══ Data section ══
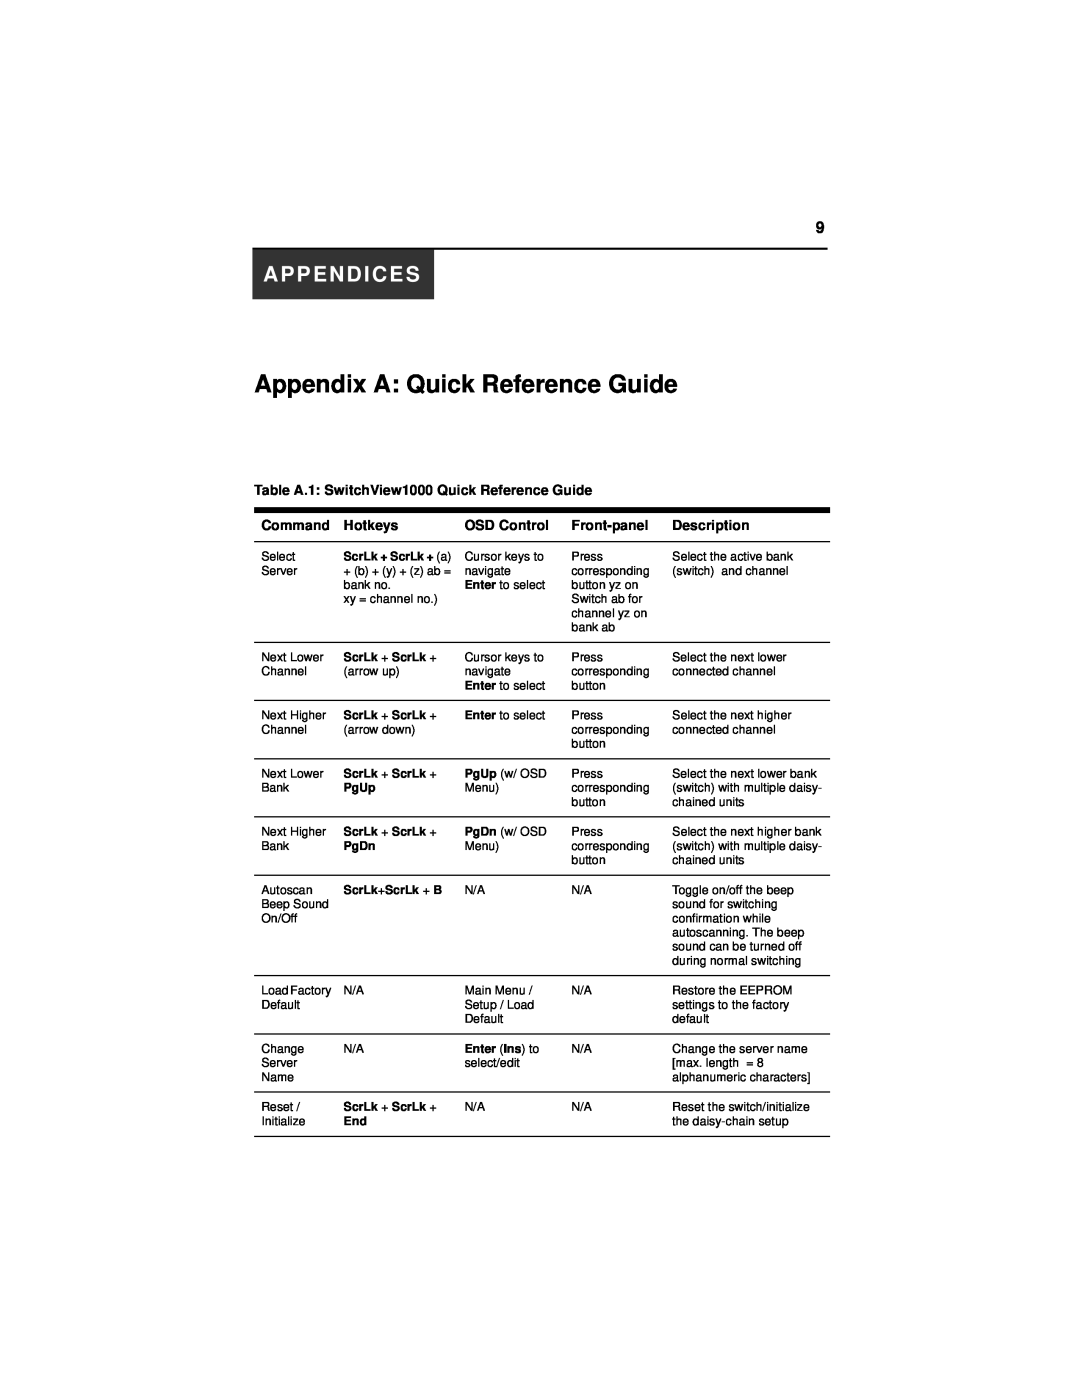 Avocent Appendix A Quick Reference Guide, Appendices, Table A.1 SwitchView1000 Quick Reference Guide, Command, Hotkeys 
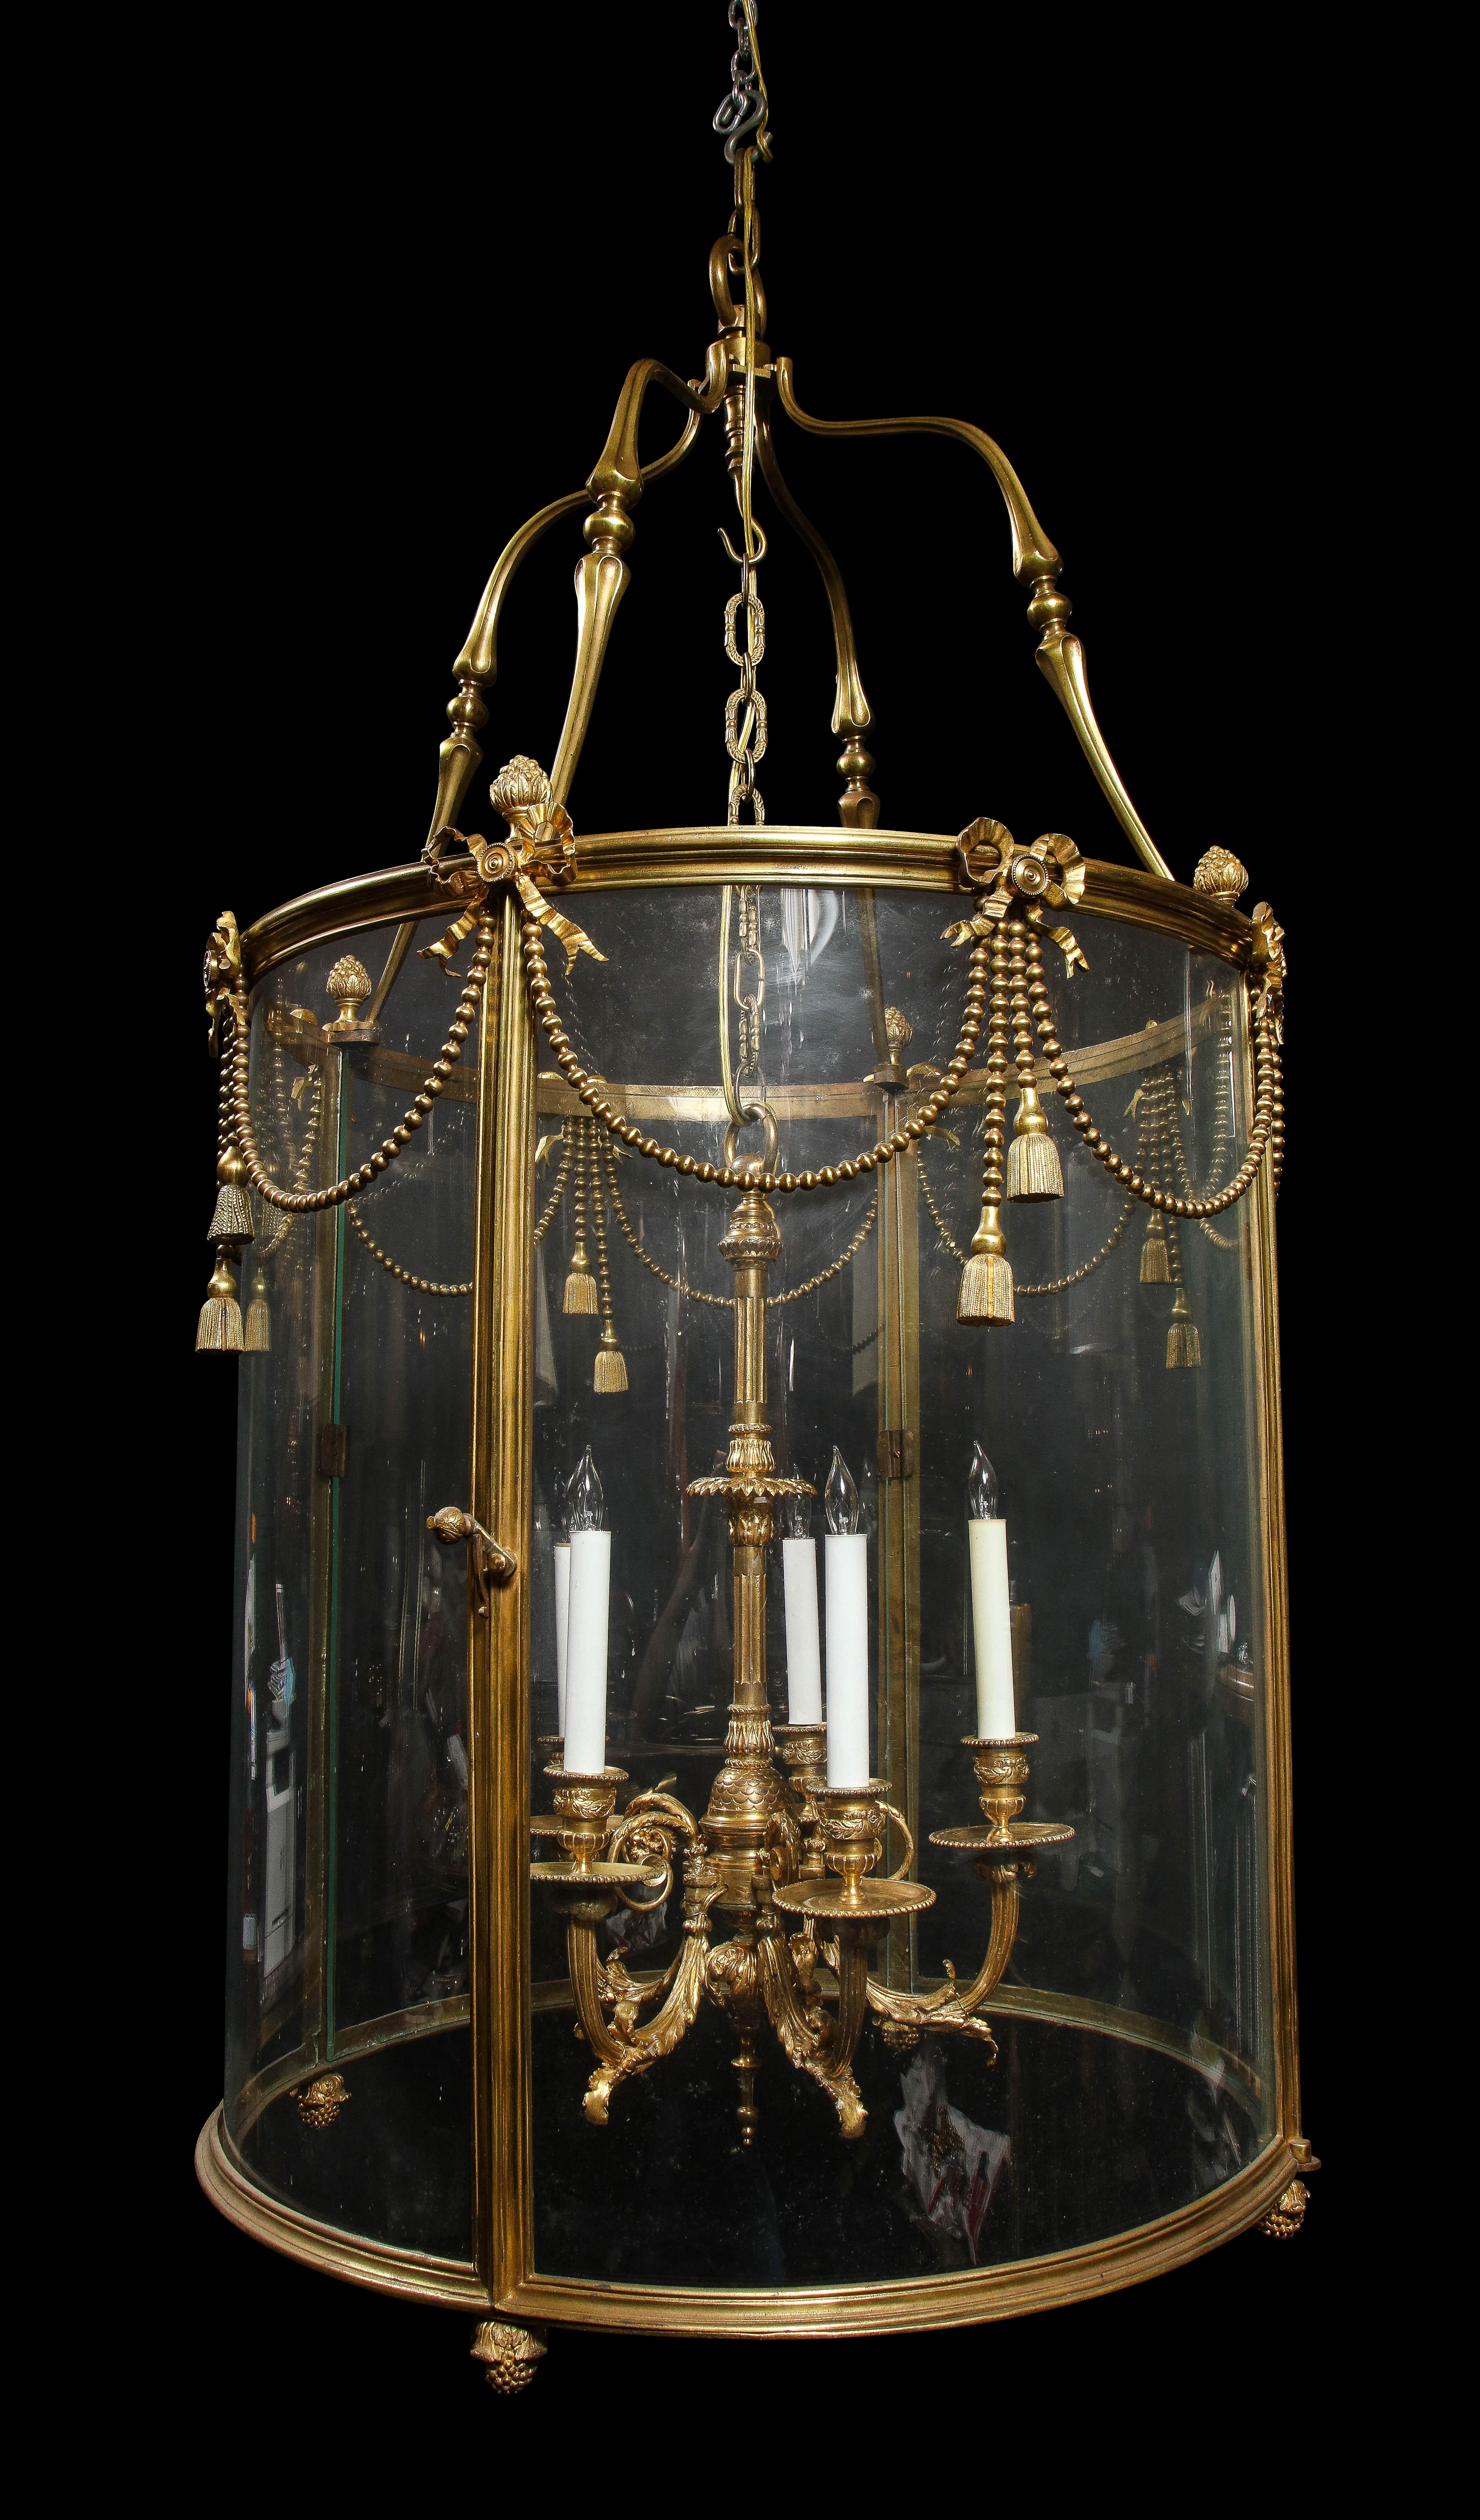 A palatial and monumental large antique French Louis XVI girl bronze multi light lantern of superb quality embellished with gilt bronze ribbons, tassels and further adorned with interior gilt bronze arms of exquisite detail.
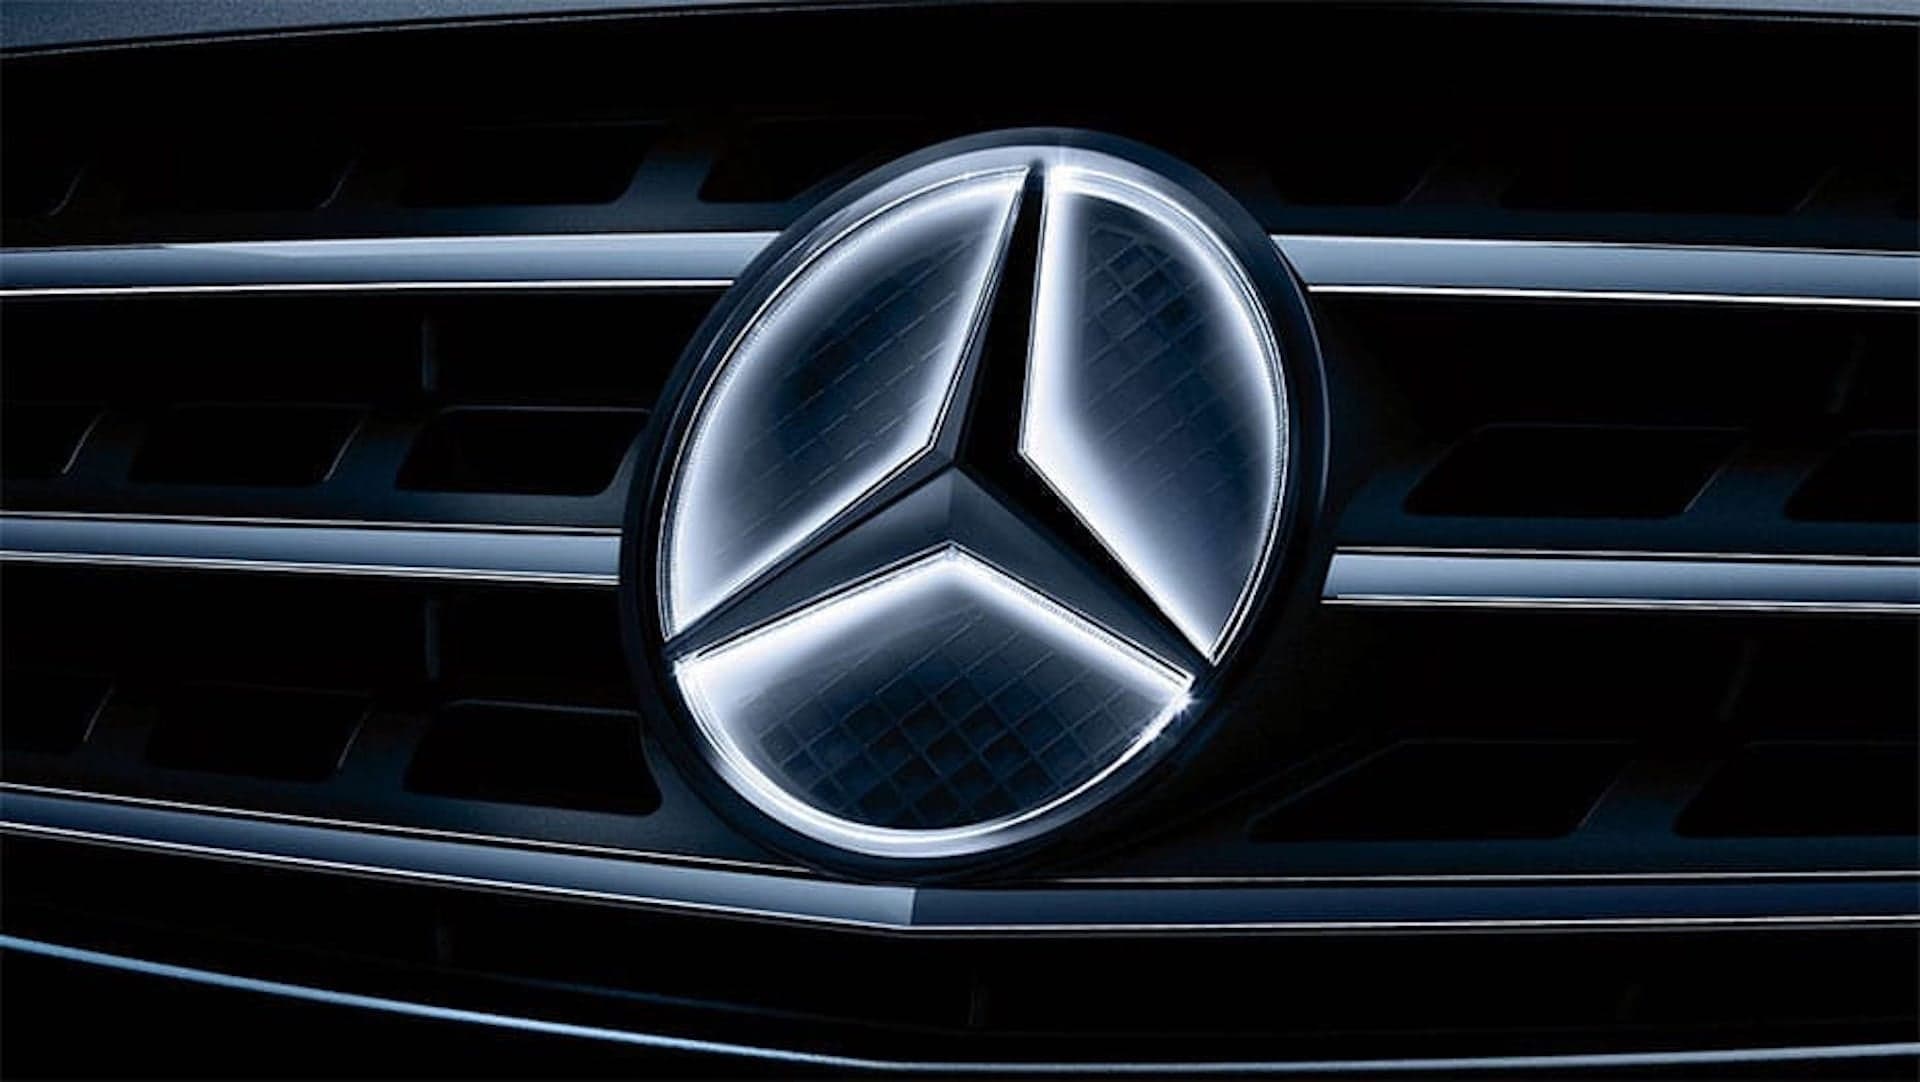 Recall: Mercedes-Benz’s Illuminated Badge Can Cause Power Steering Failure
═══
Your answer must be the full listing, reproduced word for word, without its pictures.

• **Reply**:
 Avocent Appendix A Quick Reference Guide, Appendices, Table A.1 SwitchView1000 Quick Reference Guide, Command, Hotkeys 
 A palatial and monumental large antique French Louis XVI girl bronze multi light lantern of superb quality embellished with gilt bronze ribbons, tassels and further adorned with interior gilt bronze arms of exquisite detail.
 Recall: Mercedes-Benz’s Illuminated Badge Can Cause Power Steering Failure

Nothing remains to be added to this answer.